Pikirannya yang kacau dengan cepat terkumpul kembali. Setelah melirik Tang Ye dengan saksama, matanya dipenuhi emosi yang kompleks, dia dengan cepat melihat ke bawah ke kokpit di bawah tank, berteriak: “Tembak!”
Begitu perintahnya keluar, tank itu melepaskan tembakan. Tang Ye tidak menghindar, membiarkan peluru itu meledak tepat di depannya. Dia sangat ingin melihat ekspresi wanita itu ketika dia menyadari bahwa dia tidak bisa membunuhnya. Akankah dia putus asa? Atau akankah dia memohon untuk hidupnya?
Ledakan!
Ledakan itu melahap tubuh Tang Ye. Chen Bieli mengambil sebuah kotak di dekatnya, dengan lembut menepis tangan Jin Wenyi, berdiri, dan melompat turun.

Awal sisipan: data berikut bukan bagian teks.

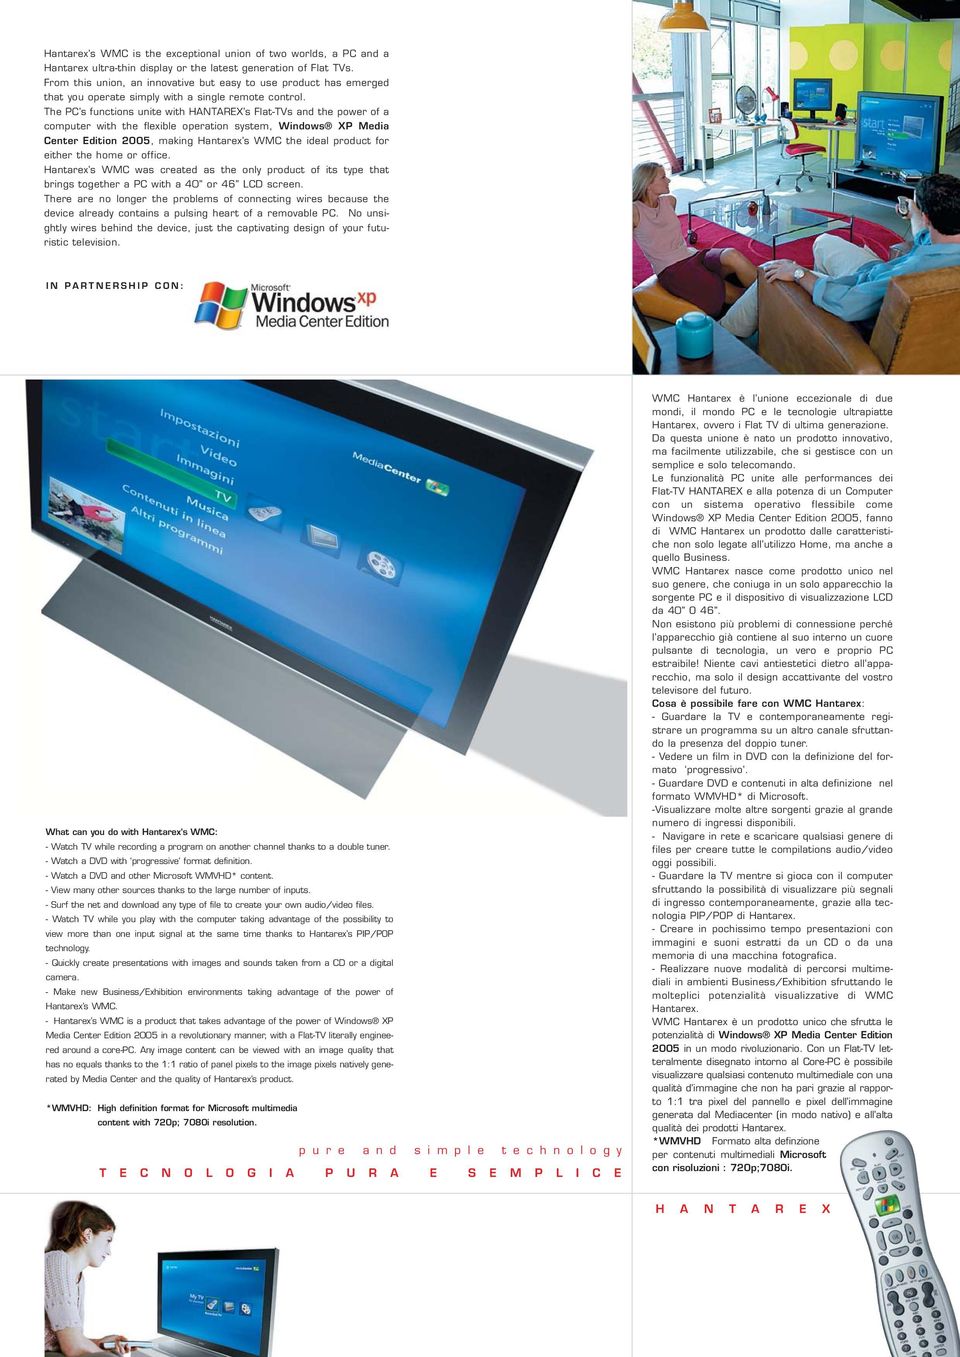 The PC s functions unite with HANTAREX s Flat-TVs and the power of a computer with the flexible operation system, Windows XP Media Center Edition 2005, making Hantarex s WMC the ideal product for
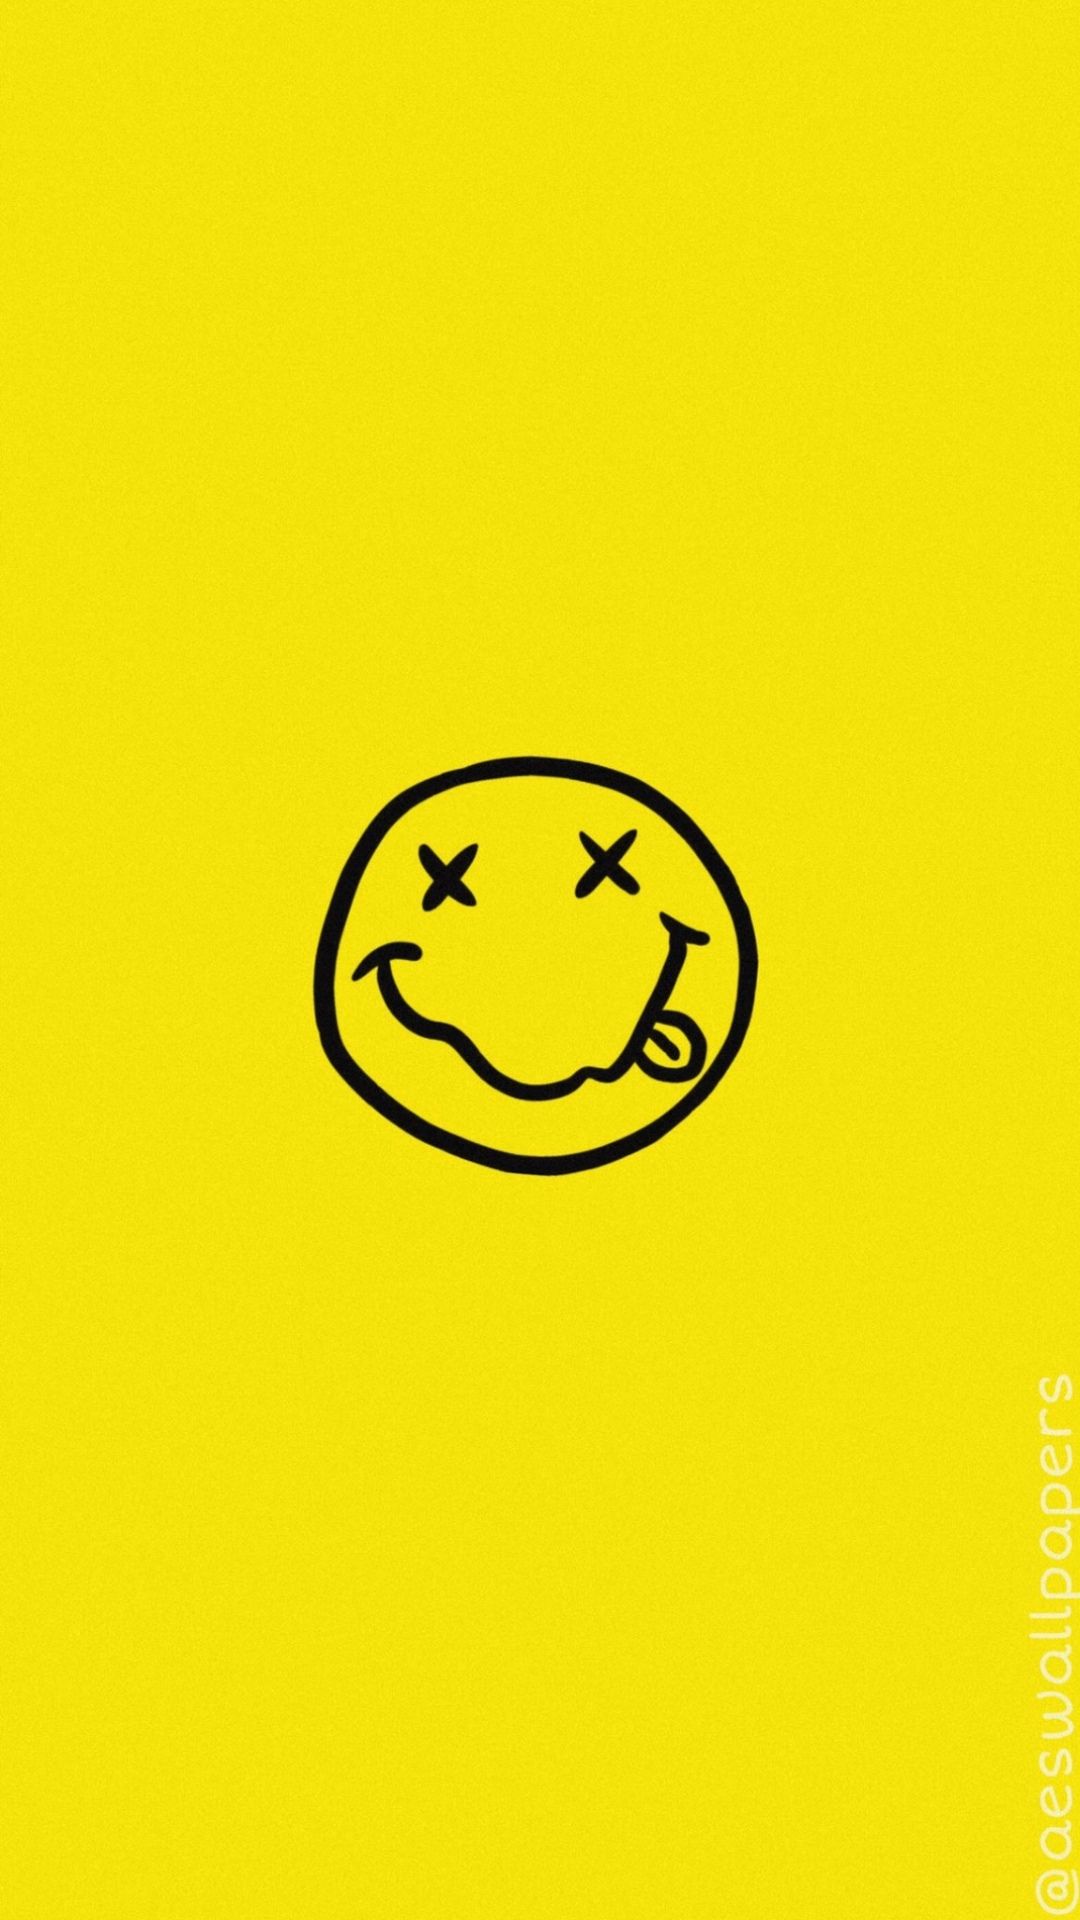 Nirvana iPhone Wallpaper with high-resolution 1080x1920 pixel. You can use this wallpaper for your iPhone 5, 6, 7, 8, X, XS, XR backgrounds, Mobile Screensaver, or iPad Lock Screen - Smiley

Jin Wenyi tercengang. Sebagai Manusia Baru Tingkat 2, sedikit saja pengerahan kekuatannya adalah sesuatu yang tidak bisa ditahan oleh manusia biasa. Tetapi Chen Bieli telah menangkis tangannya dengan mudah, membuatnya lengah.
“Mungkin aku tidak menggunakan banyak tenaga.”
Jin Wenyi tidak bisa berpikir jernih mengenai situasi membingungkan yang baru saja dihadapinya, jadi dia menjelaskannya dengan fakta bahwa dia tidak menggunakan banyak kekuatan.
Kobaran api menari-nari sejenak sebelum menampakkan Tang Ye. Ia tidak hanya tidak terluka, tetapi bahkan pakaiannya pun tetap tidak tersentuh oleh kobaran api berwarna merah jingga itu.
Pandangan Tang Ye terhalang oleh kobaran api. Setelah kobaran api mereda, dia menyadari bahwa satu orang hilang dari dalam tank. Ternyata itu wanita itu!
Senyum jahat di wajahnya membeku sesaat. Namun, dia dengan cepat menentukan arah. Chen Bieli sedang menuju ke sana.
Ia tidak terburu-buru tetapi bergerak dengan kelincahan yang mengejutkan. Siluetnya tampak tidak stabil, seolah-olah hembusan angin bisa menerbangkannya. Dua kepang di bahunya bergoyang-goyang saat ia bergerak, menambah estetika yang aneh pada penampilannya.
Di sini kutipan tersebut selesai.